Mas não se pode dizer que Mike não foi uma estrela. Foi ele o pilar de sustentação do episódio a partir do momento em que sentiu a necessidade e teve a ideia de ir a Kentucky, graças a um dinheirinho extra que o negócio de fraldas rendeu. Thiago comentou aqui que sente que esse negócio irá levá-los pro topo da pirâmide social americana ou deixá-los lascados de vez na pindaíba, mas eu creio que, ao menos por um bom tempo, a ideia vai ser basicamente essa: o negócio vai ajudar um pouquinho e permitir que a família faça algo diferente que renda um episódio, mas mantendo o status constante de Classe C. Talvez no final de tudo possamos testemunhar uma ascensão social dos Hecks, mas creio que essa história ficará de molho por um bom tempo.

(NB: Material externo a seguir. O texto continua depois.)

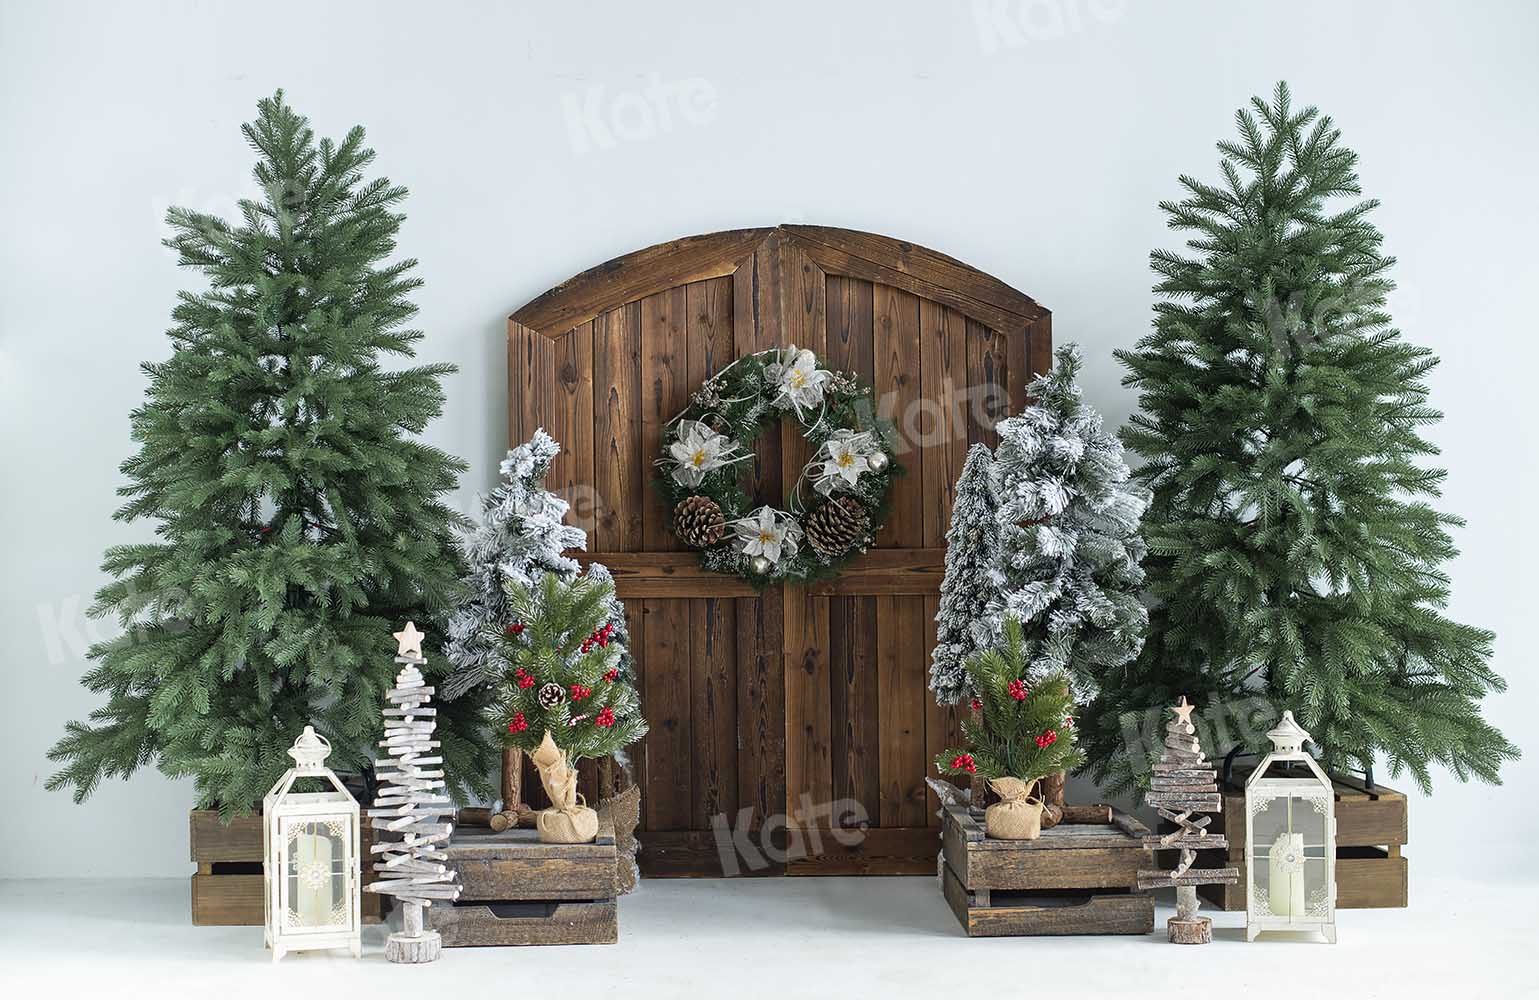 Kate Christmas Tree Barn Door Backdrop Designed by Emetselch
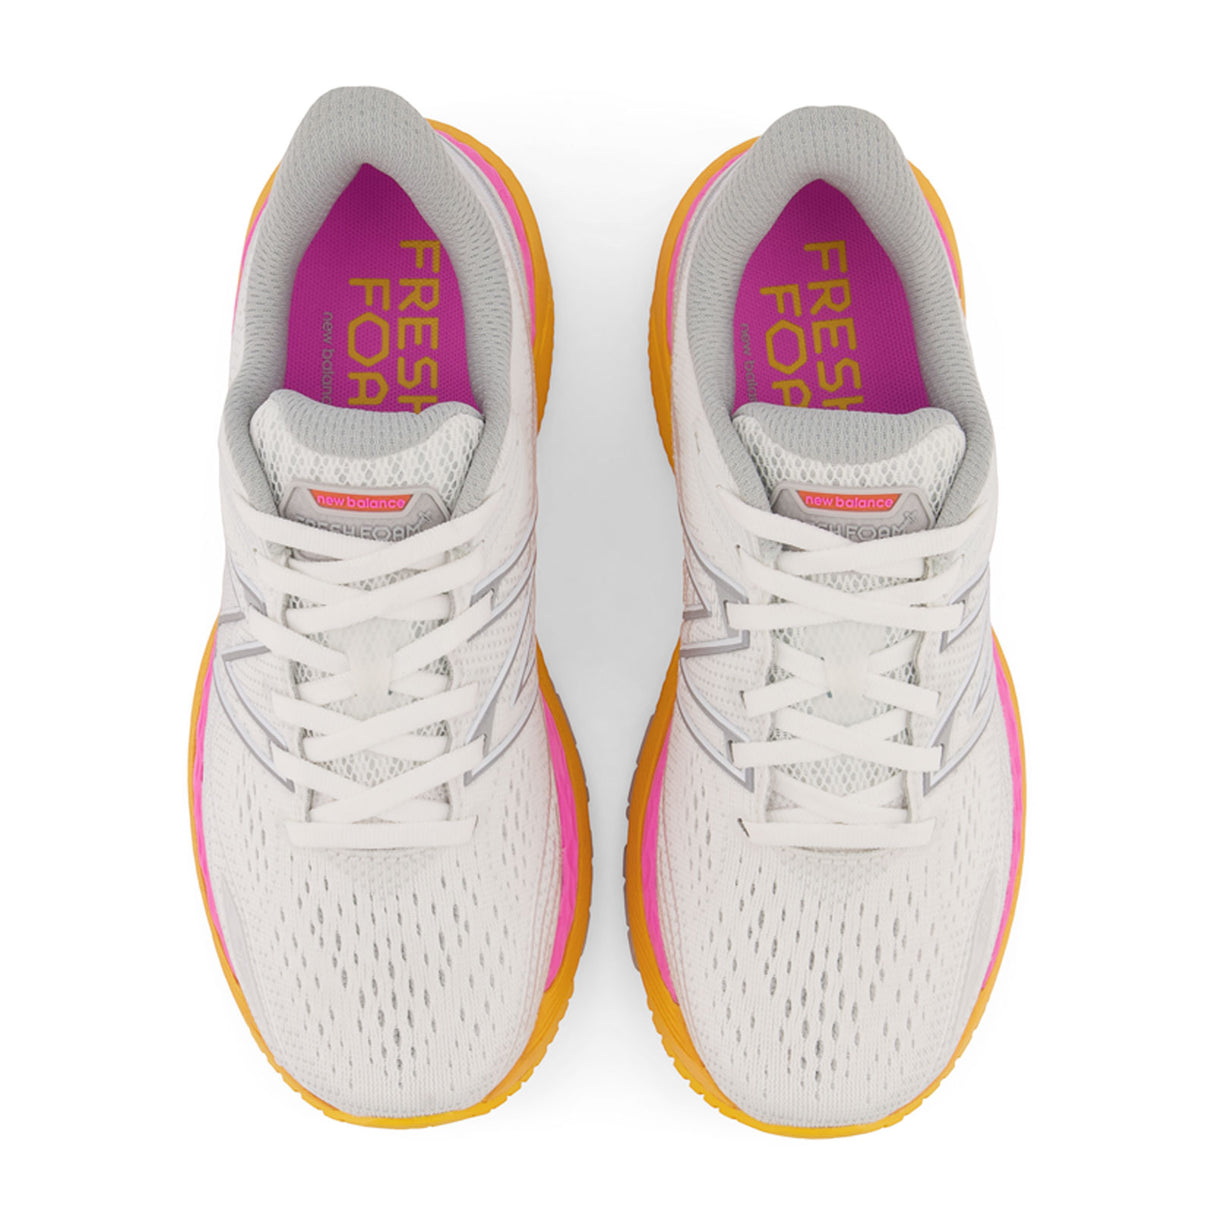 New Balance Fresh Foam X 860 v12 Running Shoe (Women) - White/Vibrant Orange/Vibrant Pink Athletic - Running - The Heel Shoe Fitters

Falando em final, precisamos falar sobre a conclusão do episódio. Se a série já não tivesse sido renovada, eu teria certeza absoluta de que estávamos em nossa última temporada de The Middle. O nível do tom de despedida da frase “e esta foi a nossa última viagem com os Donahues…” foi altíssimo, e passa até a impressão de que, por pressão da emissora, a série pode estar correndo o risco de durar mais do que o planejado por suas showrunners. Embora não queira ver The Middle acabando tão cedo (#10SeasonsAndAMovie), liguei meu alerta laranja de preocupação. Espero uma série redondinha e feita com todo o esmero e planejamento que The Middle merece. É isso, e somente isso, que permite a existência contínua de episódios interessantes como A Very Dohanue Vacation. Dedos cruzados.